■ **WHAT IS REQUIRED**: The output should match, line for line, the records from the line containing "Remote wonen en" through the line containing "falmouth holiday baby snap up short sleeve", with every picture left out.

DATA TO EXAMINE section start

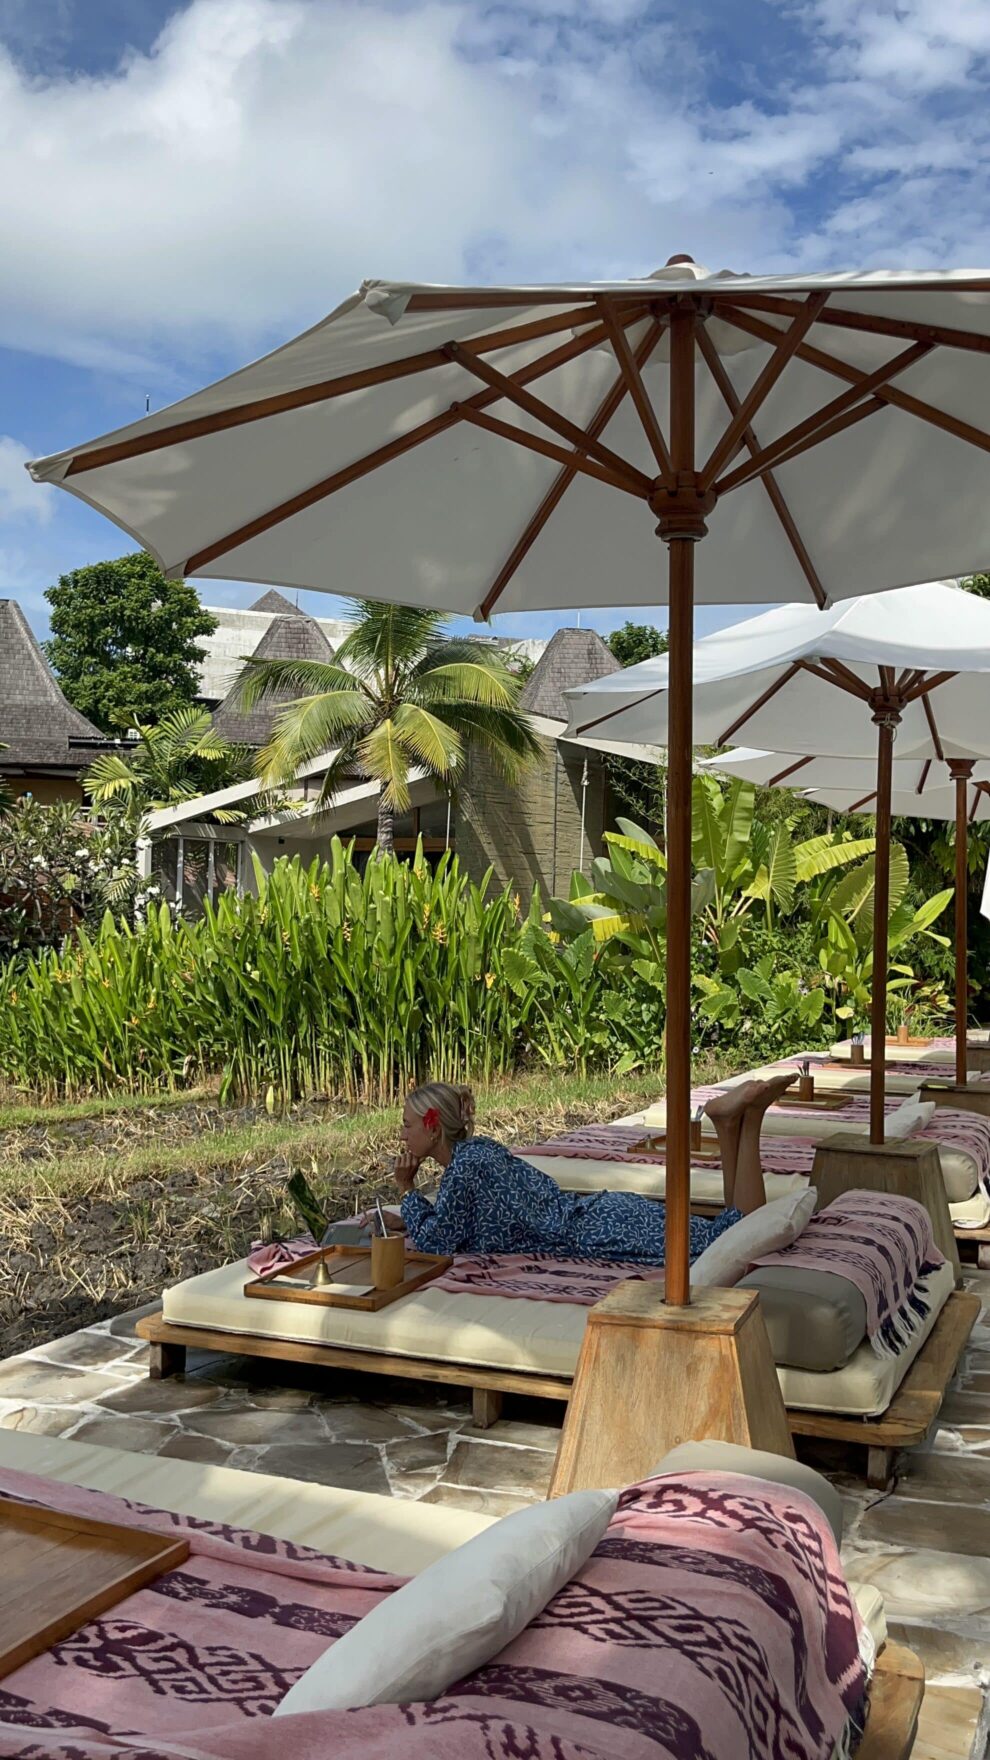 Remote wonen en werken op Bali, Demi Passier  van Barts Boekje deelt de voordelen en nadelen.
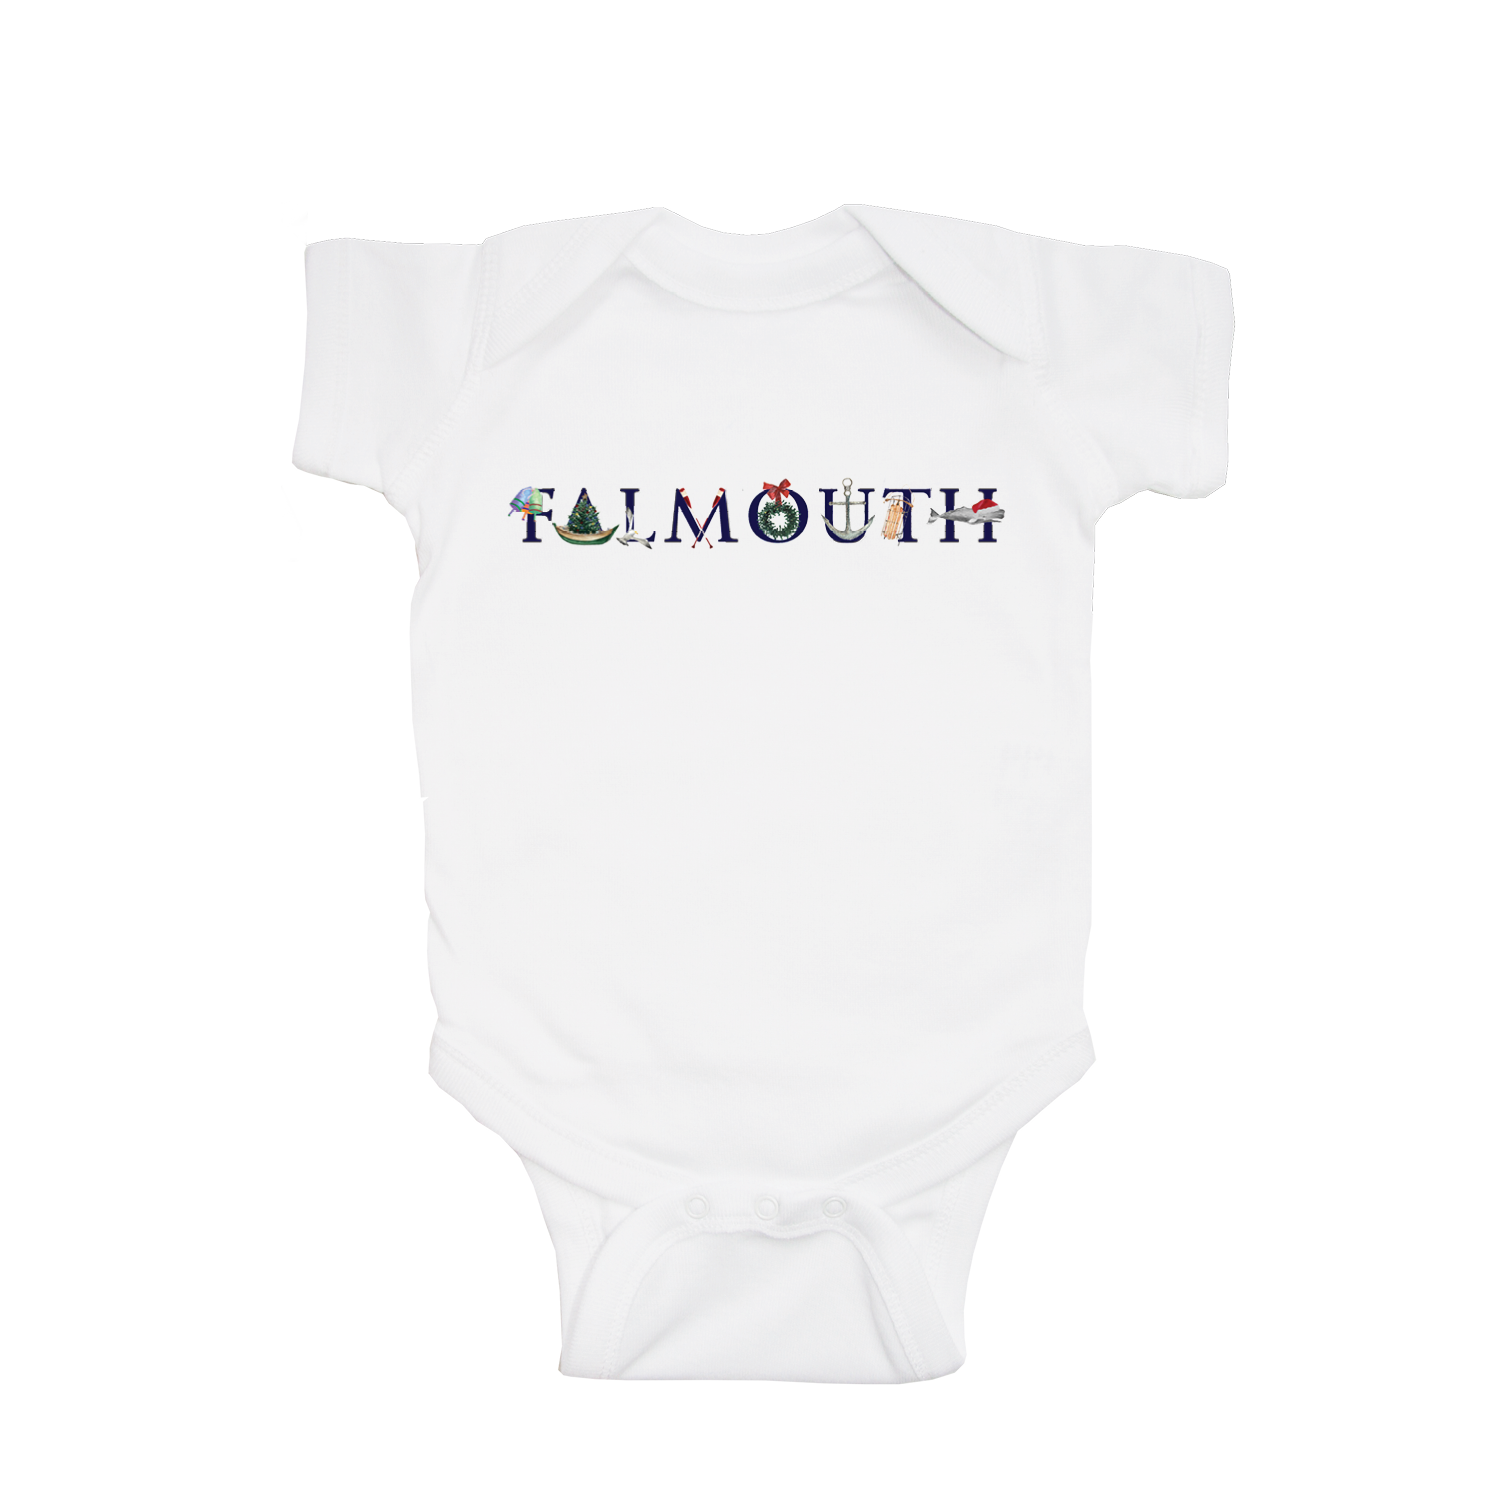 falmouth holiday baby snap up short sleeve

DATA TO EXAMINE section end
DATA TO EXAMINE section start

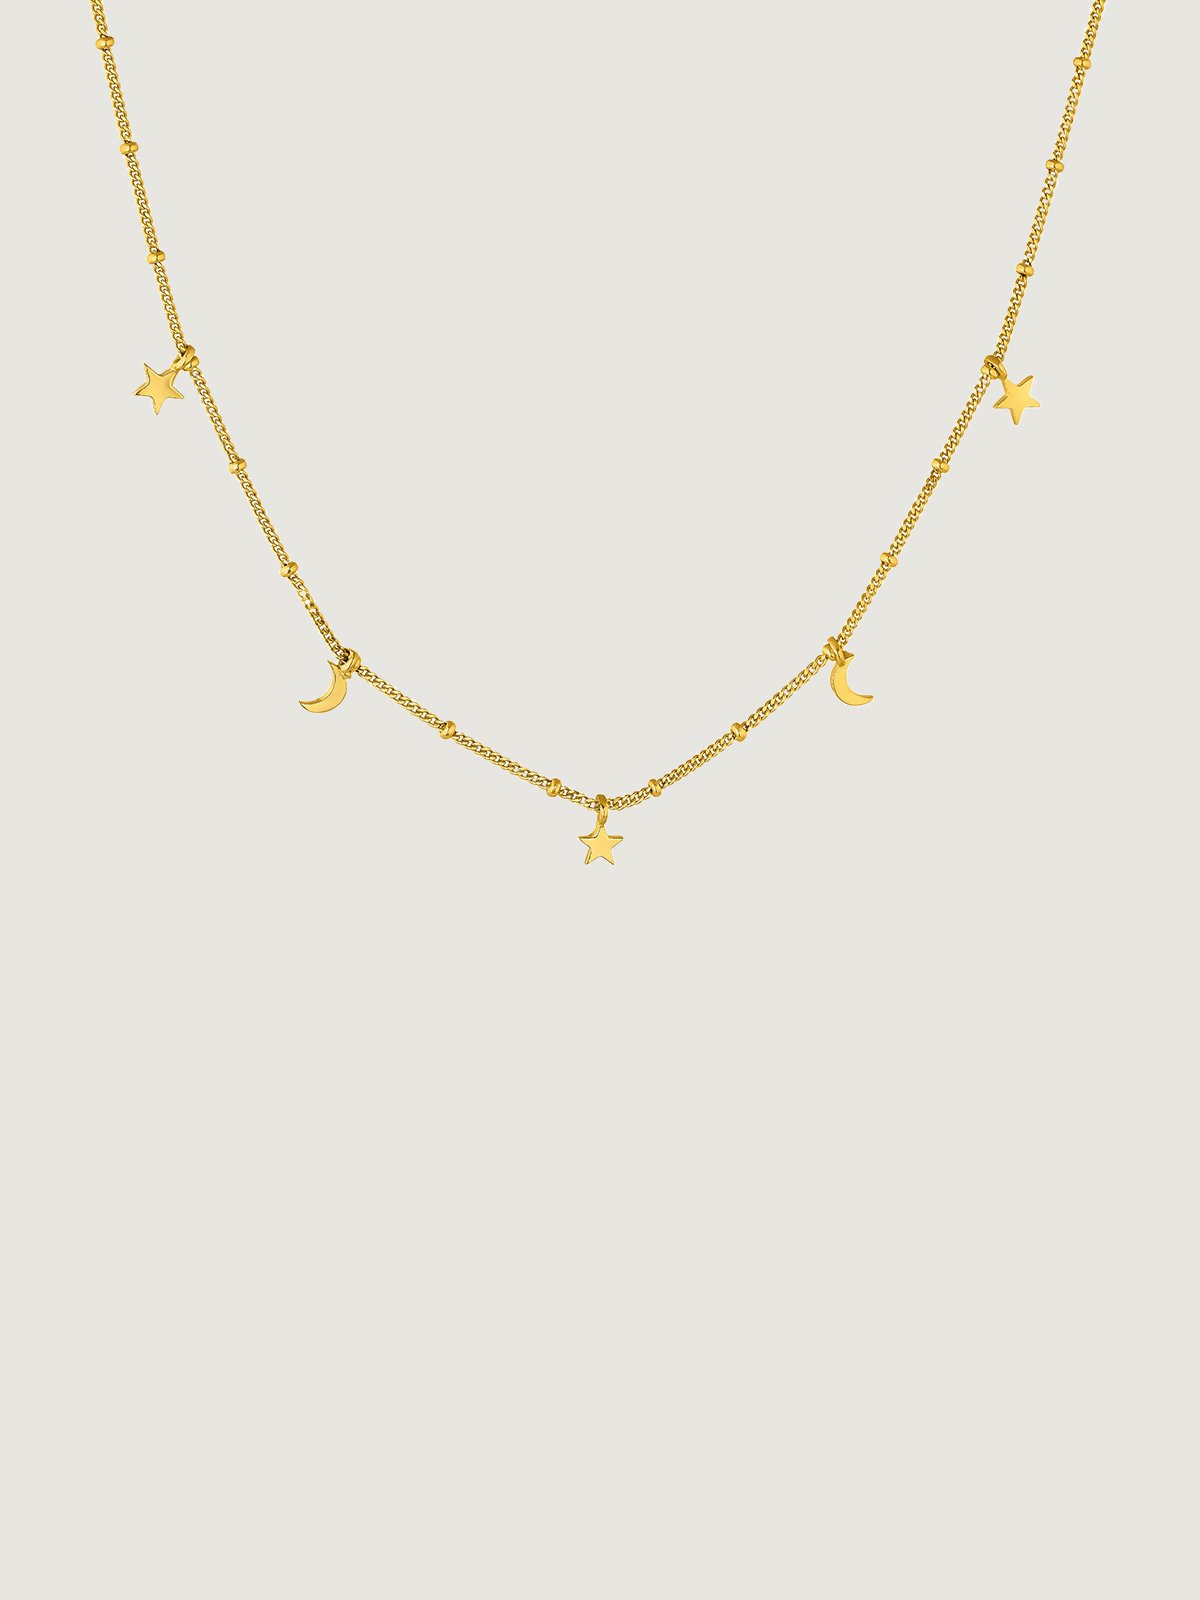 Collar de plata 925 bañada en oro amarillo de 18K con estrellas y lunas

DATA TO EXAMINE section end

■ **RESULT FOR THIS TASK**:
 Remote wonen en werken op Bali, Demi Passier  van Barts Boekje deelt de voordelen en nadelen.
 falmouth holiday baby snap up short sleeve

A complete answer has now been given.